IEEE Trans Neural Netw Learn Syst. 2019 Sep;30(9):2650-2661. doi: 10.1109/TNNLS.2018.2885972. Epub 2019 Jan 7.
This paper proposes a new and efficient technique to regularize the neural network in the context of deep learning using correlations among features. Previous studies have shown that oversized deep neural network models tend to produce a lot of redundant features that are either the shifted version of one another or are very similar and show little or no variations, thus resulting in redundant filtering. We propose a way to address this problem and show that such redundancy can be avoided using regularization and adaptive feature dropout mechanism. We show that regularizing both negative and positive correlated features according to their differentiation and based on their relative cosine distances yields network extracting dissimilar features with less overfitting and better generalization.

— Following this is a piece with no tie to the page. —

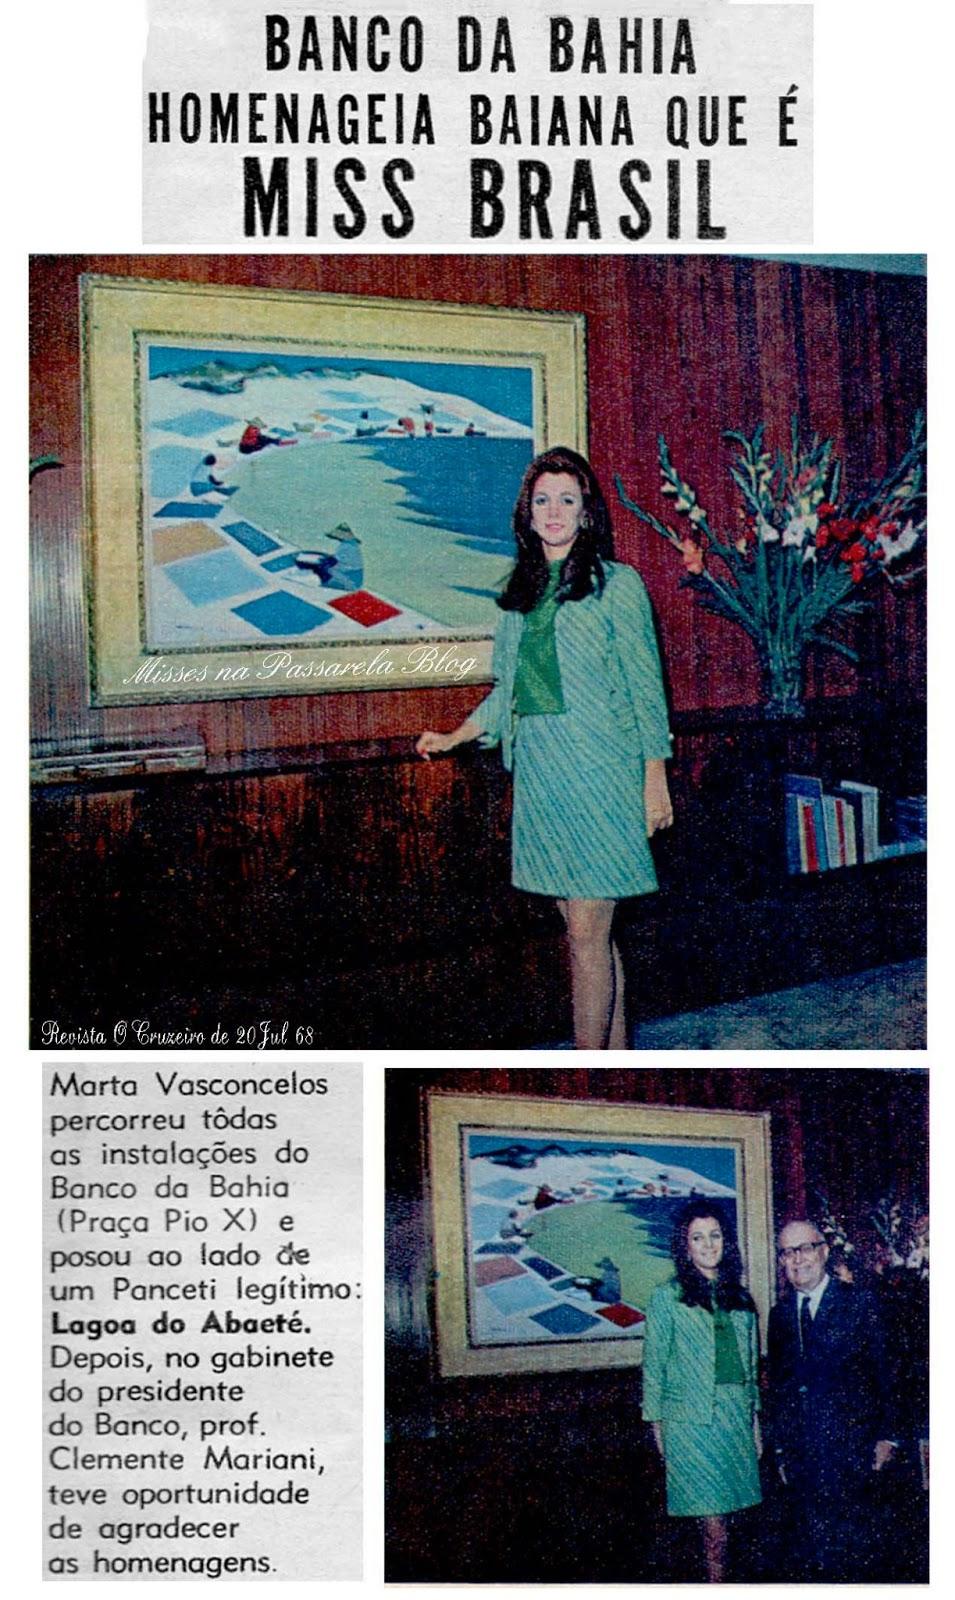 ☽ ✮ ✯ ✰ ☆ ☁ Galeria de Martha Vasconcelos, Miss Universe 1968.☽ ✮ ✯ ✰ ☆ ☁ Martha+Vasconcellos+na+Bahia

This concept is illustrated with deep multilayer perceptron, convolutional neural network, sparse autoencoder, gated recurrent unit, and long short-term memory on MNIST digits recognition, CIFAR-10, ImageNet, and Stanford Natural Language Inference data sets.
本文提出了一种新的、有效的技术,用于通过特征之间的相关性对深度学习中的神经网络进行正则化。以前的研究表明,过大的深度神经网络模型往往会产生很多冗余特征,这些特征要么是彼此的移位版本,要么非常相似,几乎没有变化,因此导致冗余过滤。我们提出了一种解决这个问题的方法,并表明可以通过正则化和自适应特征丢弃机制来避免这种冗余。我们表明,根据差异对正负相关特征进行正则化,并根据它们的相对余弦距离进行正则化,可以使网络提取出具有较少过拟合和更好泛化能力的不同特征。这一概念在 MNIST 数字识别、CIFAR-10、ImageNet 和斯坦福自然语言推理数据集上的深度多层感知机、卷积神经网络、稀疏自动编码器、门控递归单元和长短期记忆网络中得到了说明。